Elephants at the Souvenir Stand
It feels wrong to be considering souvenirs on day one of a trip – but who could resist?

Scenes from a Land Cruiser
The highway we are on is smooth enough, and full of vehicles – but modernity falls away at the verge. The shoulders and slip roads are all dirt and mud puddles, and shopfronts are mostly colourfully painted concrete blocks.

Lake Nakuru Park Ranger on the Job
We finally reach the entrance to the National Park, where the rangers are well armed. Kenya has a “shoot-to-kill” poaching prevention strategy, which has greatly reduced the problem in the country.

Superb Starling – Lamprotornis Superbus
I always get excited by my first animals – even when they are birds! These cheeky little beauties are so prevalent that they were almost picked to be Kenya’s national bird.

Lake Nakuru
Once part of a deep freshwater lake, Nakuru is in a endorheic basin with no outflow. As a consequence, it has become a soda or alkaline lake which hosts a diversity of birdlife. We stopped for an early lunch at a picnic site overlooking the rising waters.
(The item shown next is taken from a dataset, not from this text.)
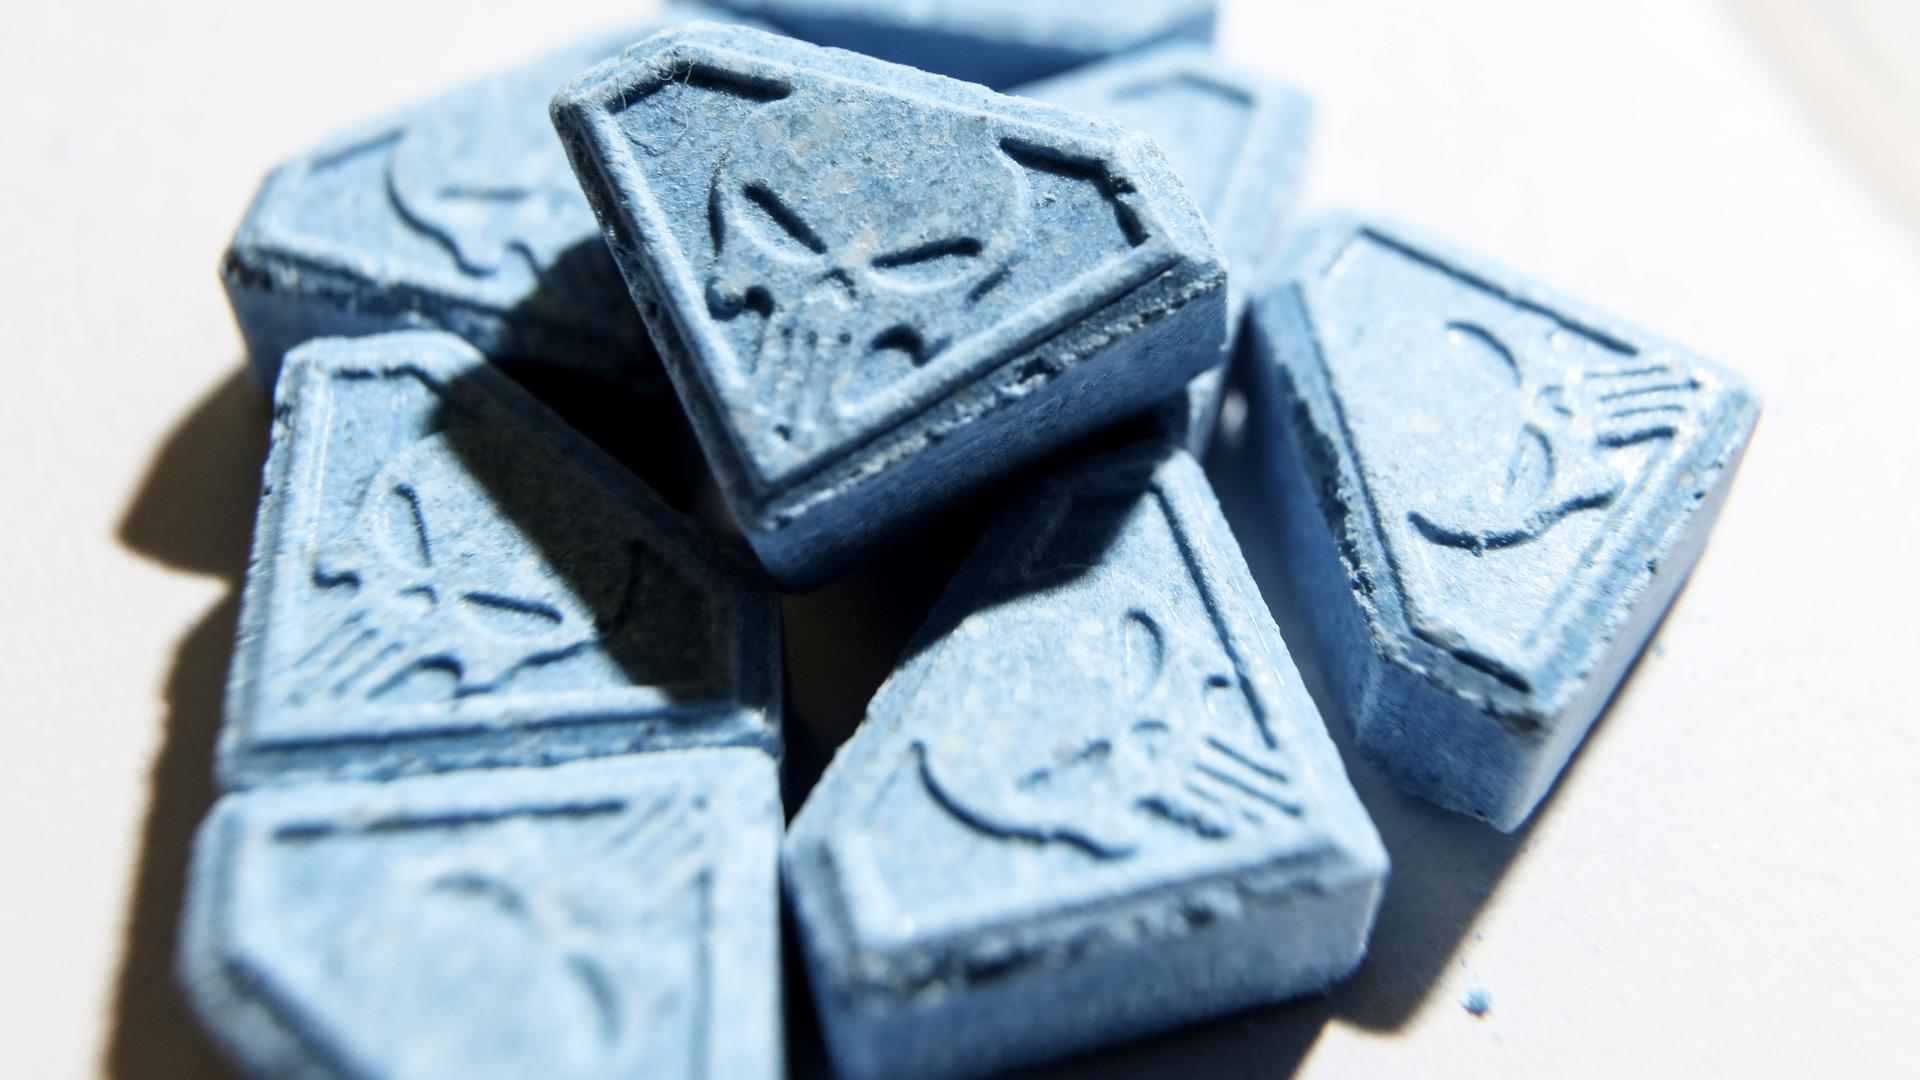 Tabletten mit Totenkopf-Symbolen

Toilet Paper Plant – Plectranthus Barbatus
Our lunch stop gives me the chance to examine the local flora. These plants were traditionally used for toilet paper and sanitary products. The leaves are naturally antibacterial and have a fresh, herbal scent.

Fever Tree – Vachellia Xanthophloea
Early European settlers blamed this tree – rather than the mosquitoes that shared the swampy ground it often grows in – for malaria. The thorns are deadly!

African Daisies – Osteospermum

Buffalo Grazing
The first of the Big Five we come across are the Cape buffalo. They are known for their unpredictable behaviour and their tendency to congregate near water sources.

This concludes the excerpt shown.